Устроив ее на сиденье, великий князь, все еще краснея, сказал: "Я очень, очень перед вами виноват, мадемуазель. Я готов на все, чтобы загладить свою вину".
- Меня зовут Анна, - она нежно улыбнулась: "Спасибо вам, месье..., - Хана взглянула на него.
- Черт с ним, - внезапно решил великий князь: "Федора Петровича здесь нет, и, слава Богу, иначе он бы, все доложил Alexandre. Тот у нас верный муж, и от других того же требует. А я не хочу, хватит и того, что я женился без любви. Но какая она красивая, - Константин понял, что все еще смотрит на девушку.
- Месье Константин, - он склонил изящно причесанную голову.
- Вы любите Пушкина, - утвердительно заметил великий князь, принимая от жандармов книги.
- Очень, - вздохнула Хана: "И вообще стихи. Я и сама пишу…, Конечно, у меня нет таланта..., - она замялась, и разгладила подол испачканного в уличной пыли платья.
- Я бы очень хотел, чтобы вы мне почитали, - искренне попросил ее великий князь: "Очень, мадемуазель".

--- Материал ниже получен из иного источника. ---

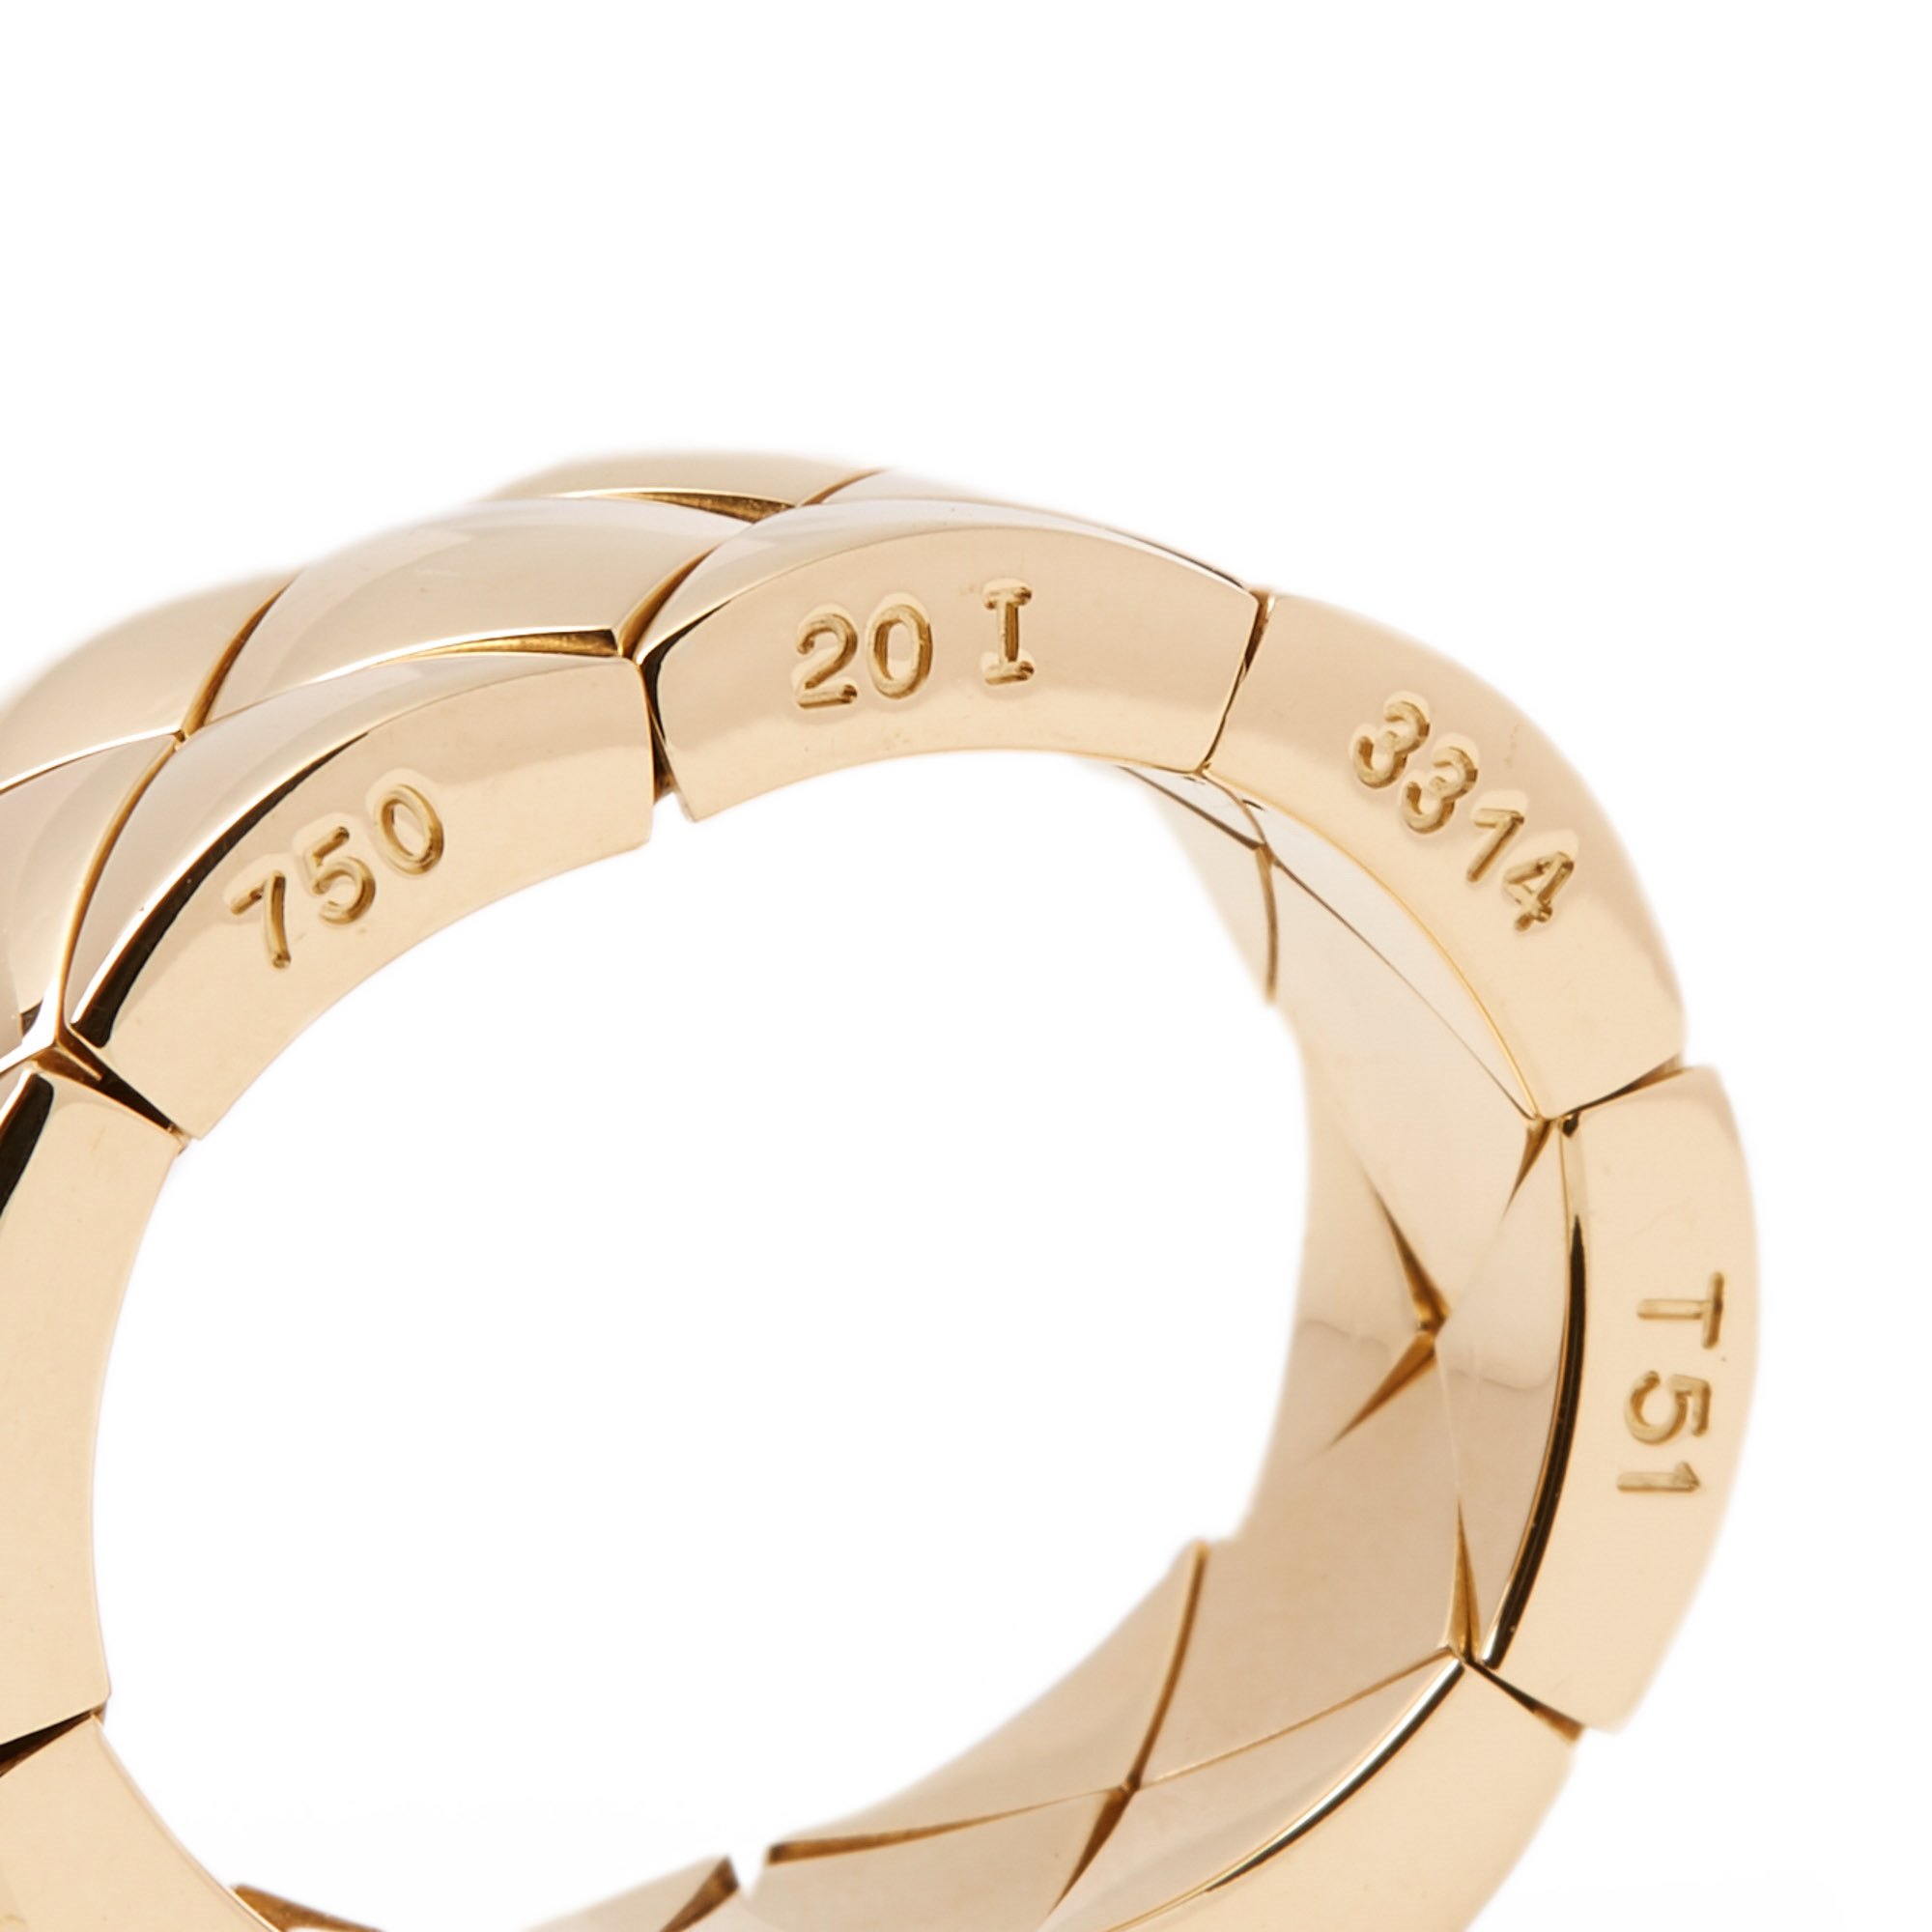 Chanel 18k Yellow Gold Coco Crush Dress Ring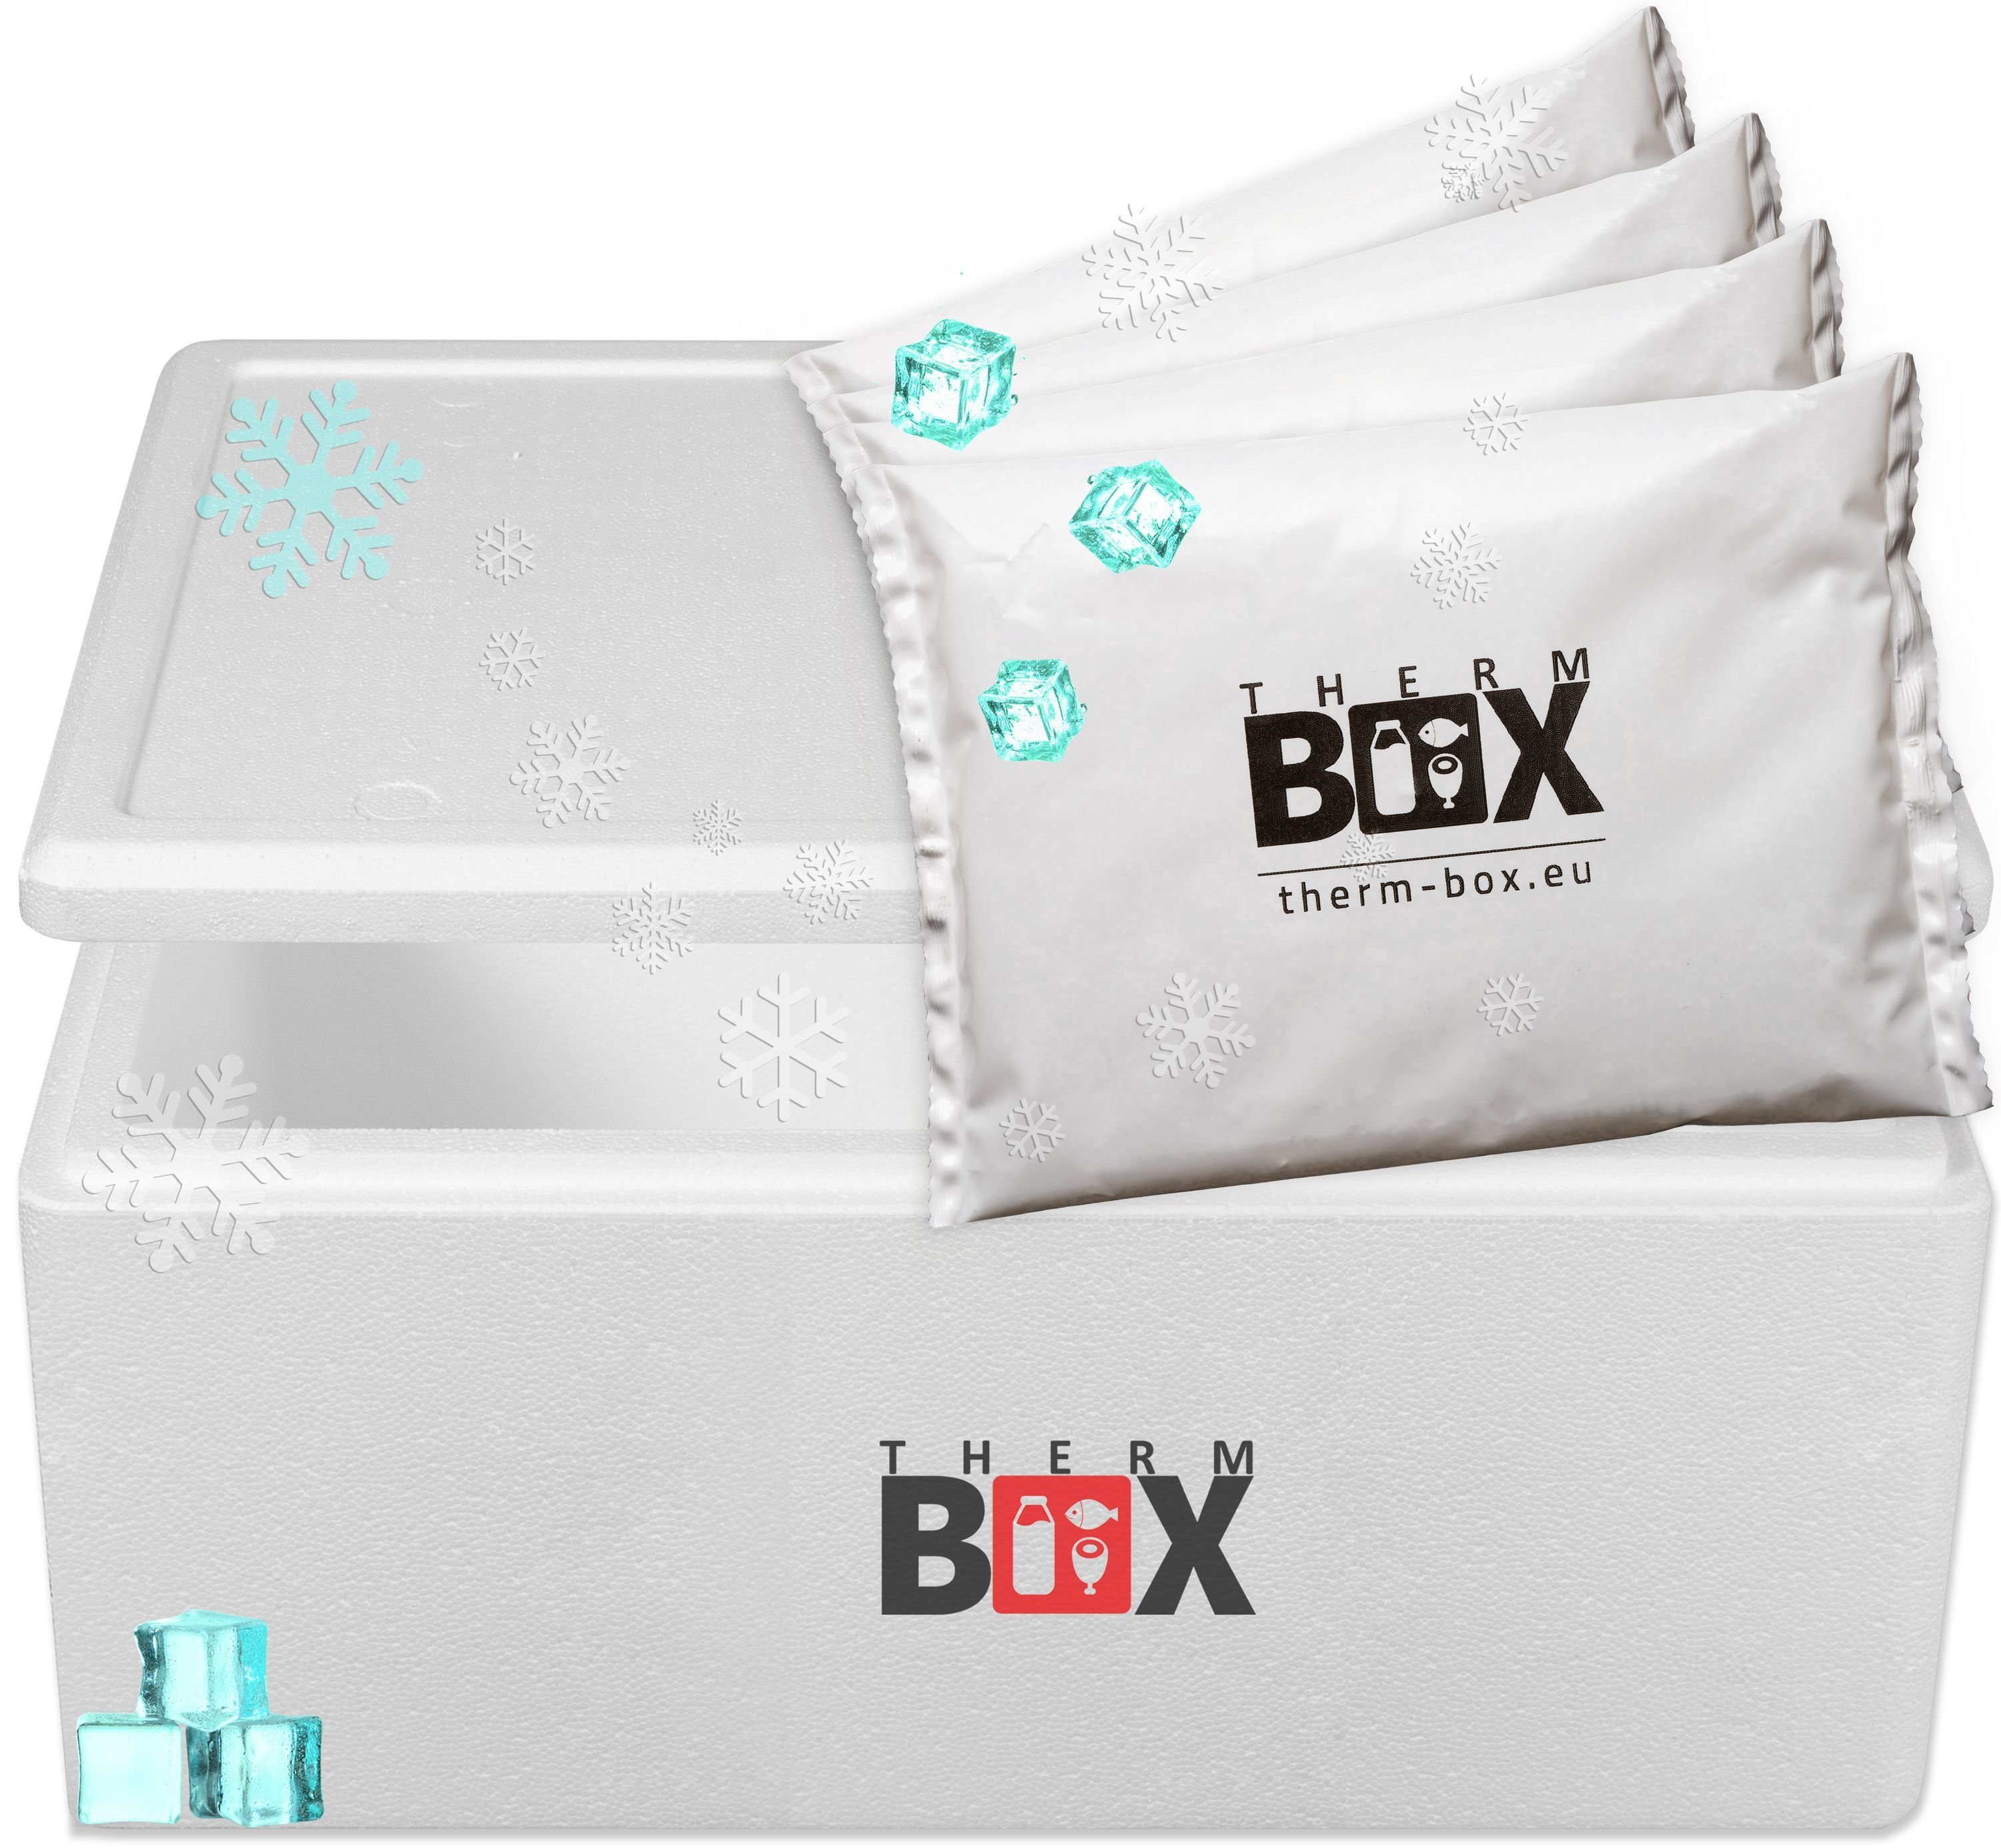 THERM-BOX Thermobehälter Styroporbox mit Thermbox mit 38L Transportbox Styropor-Verdichtet, Kühlbox Kühlkissen, 4 Kühlakku (0-tlg., Wiederverwendbar 38W Kühlkissen), Innen:53x33x21cm

Ландо тронулось, направляясь к Иерусалимским аллеям, толпа рассеялась. Ханеле посмотрела на свои золотые часы: "Пора и нам на обед". Женщины пересекли Сенную площадь. Пройдя через рынок, они скрылись в Еврейском квартале.
Интерлюдия. Тверия, лето 1855
Джошуа Горовиц присел на подоконник своей комнатки. Ставни были распахнуты, из сада тянуло жаром остывающей земли. Небо было огромным, звездным. Он, прислушавшись, уловил шорох волн. Озеро лежало совсем рядом, в нескольких минутах ходьбы. Юноша развернул письмо и улыбнулся. Почерк деда совсем не менялся, четкий, разборчивый, твердый.
- Милый наш внук! - читал Джошуа.
- Мы с бабушкой посылаем тебе свою любовь и благословение. У дяди Дэвида зимой родилась доченька, маленькая Констанца. Он и Сара-Джейн, конечно, очень рады. Майкл, когда приезжает в Вашингтон, возится со своей сестричкой. Мэтью перевелся из Гарварда на юг, в Колледж Уильяма и Марии. Он собирается там, на юге, и остаться, основать юридическую практику.
У дяди Натаниэля все хорошо. Бет учится в Оберлин-колледже, а Теодор и Полина переехали в Канзас, в новый город Лоуренс, оплот аболиционистов. Тед правая рука мистера Джона Брауна, возглавляет городскую милицию. Полина успевает преподавать в школе и писать в местные газеты, там их уже две.